The Pudgy Penguins token, known as PENGU, has seen a remarkable rebound in the crypto market over the past few days, crossing significant resistance levels amidst a surge in NFT sales. As of June 28, 2025, the PENGU price has skyrocketed to $0.01450, marking its highest level since May 23. This surge represents a staggering 52% increase from its lowest value last week and a remarkable 232% rise from its lowest point this year.
The recent data from CryptoSlam indicates that sales of Pudgy Penguins NFTs have rebounded significantly, jumping by 38% to $1.5 million over the past week. Highlights from the week include:
- 68 transactions, reflecting a 36% increase week-over-week.
- A rise in the number of buyers and sellers by 48% and 32%, respectively.
This spike in activity highlights Pudgy Penguins’ return to popularity, ranking it as the tenth most popular NFT collection, behind notable collections such as CryptoPunks and Gods Unchained.

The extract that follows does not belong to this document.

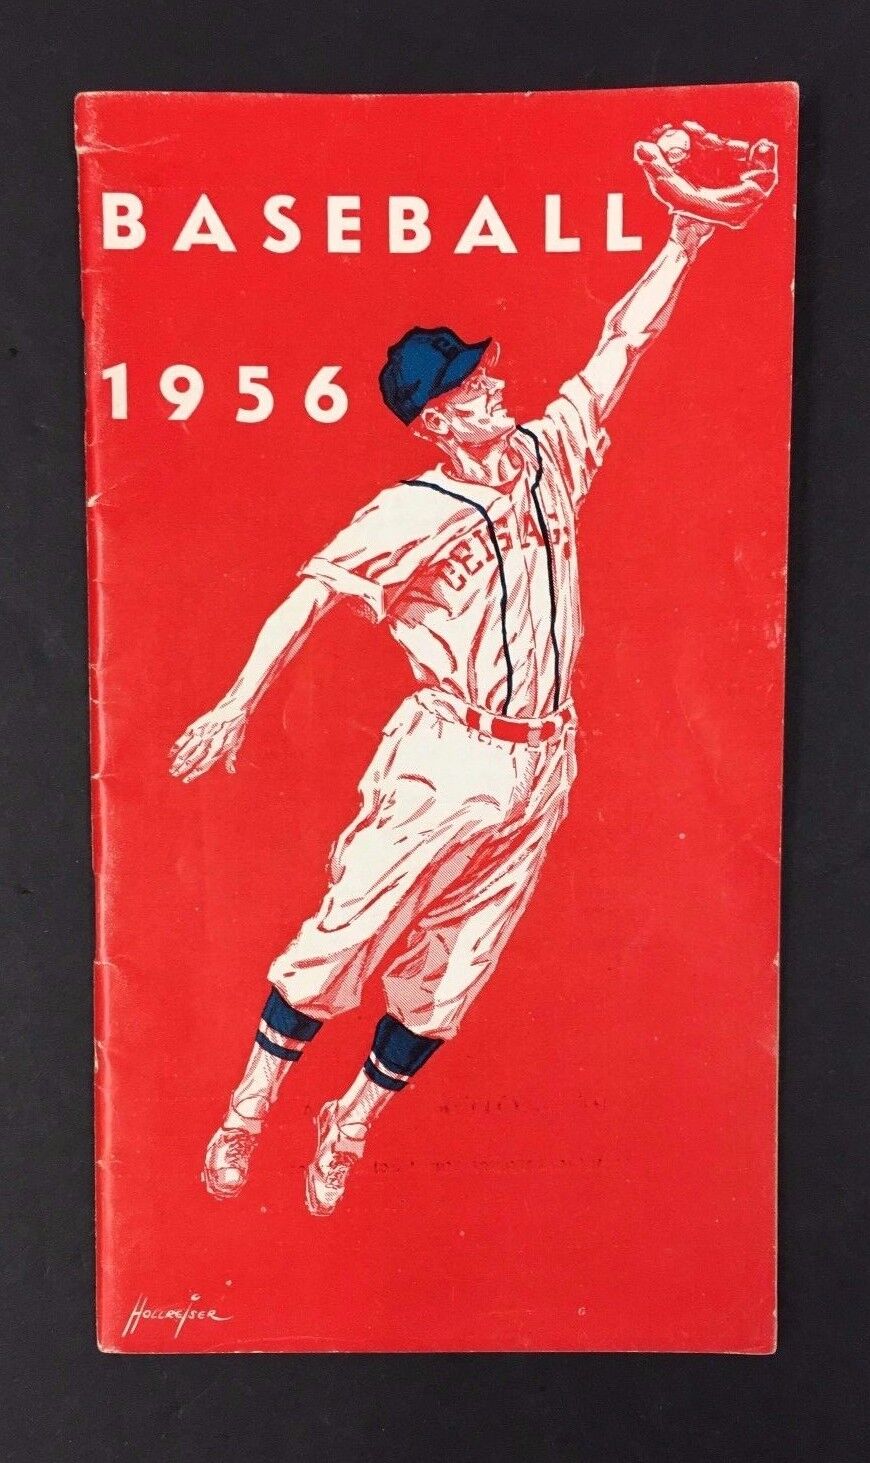 1956 Professional Baseball Guide Schedule Awards Statistics Book Vintage Sports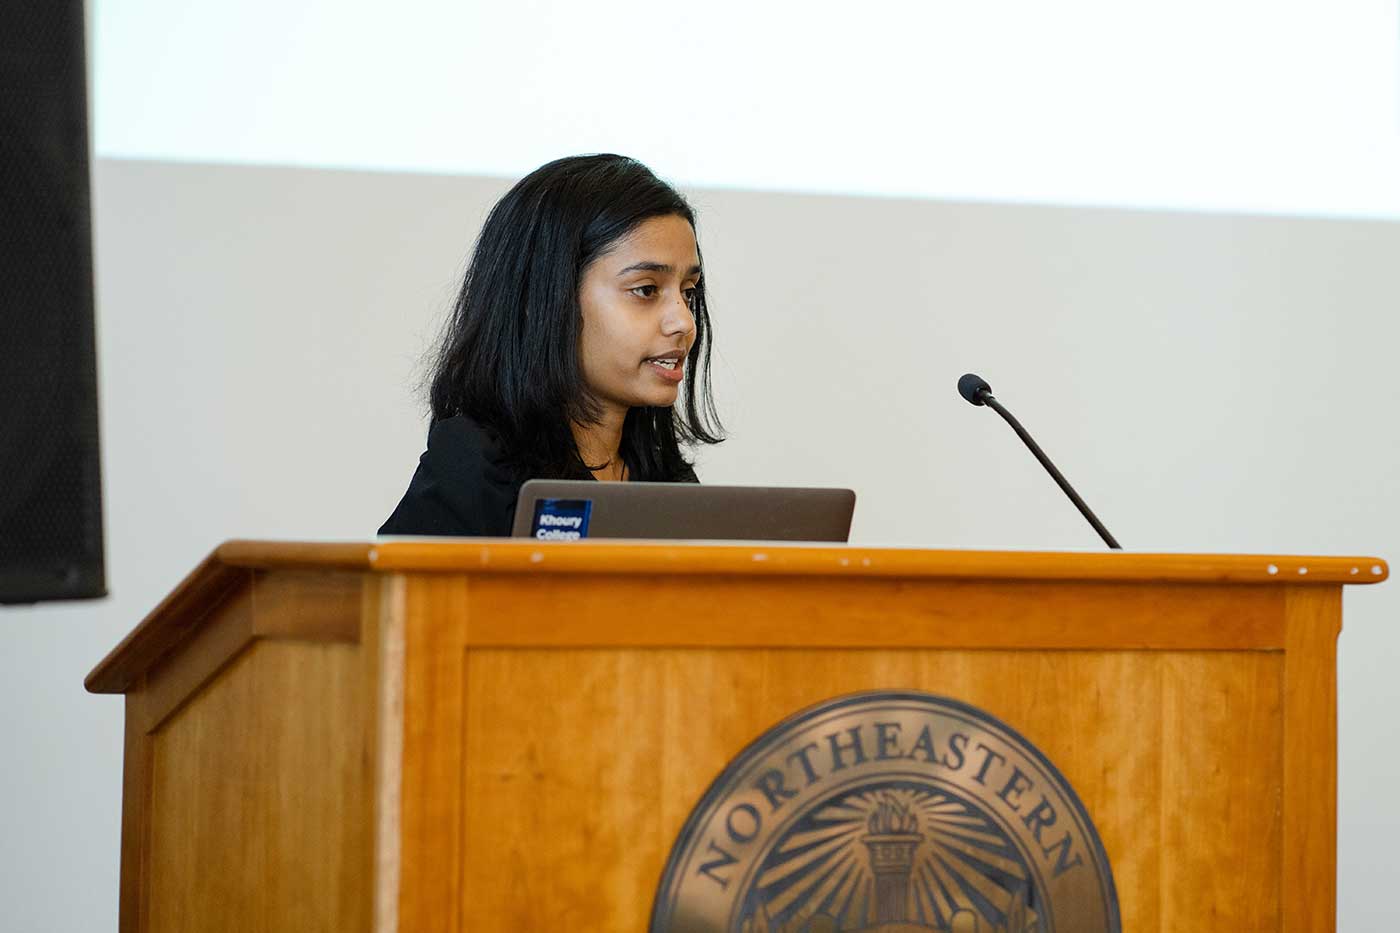 Vidya Ganesh presents her project standing behind a podium

Despite a 33% decline in monthly sales, bringing totals to $5.6 million, Pudgy Penguins has established an impressive all-time volume exceeding $636 million. Notably, the increase in PENGU price is not solely due to NFT sales—it is also fueled by significant buying from cryptocurrency ‘whales’ and public figures. They have amassed 301.7 million tokens, marking a 5.6% increase over the past month, while whales hold 1.89 billion tokens, a 13% increase, indicating growing confidence in the token’s future.
The technical analysis of the PENGU price suggests a strong upward trajectory. The daily chart reveals a rebound following the formation of a descending channel, indicating potential bullish momentum. The token has moved above this channel and the 25-period Exponential Moving Average, signaling a positive trend. As the Percentage Price Oscillator has crossed above the zero line, market analysts anticipate further price increases, with the next target resistance set at $0.01742, the peak observed on May 12. However, a drop below $0.100 would invalidate this bullish outlook.
The decline in available tokens—down to 14.7 billion from 15.6 billion on June 12—further supports a bullish sentiment, as reduced supply coupled with rising demand often drives prices higher. It is a bullish sign that more investors are willing to hold onto their tokens rather than selling, which could lead to increased price stability and growth.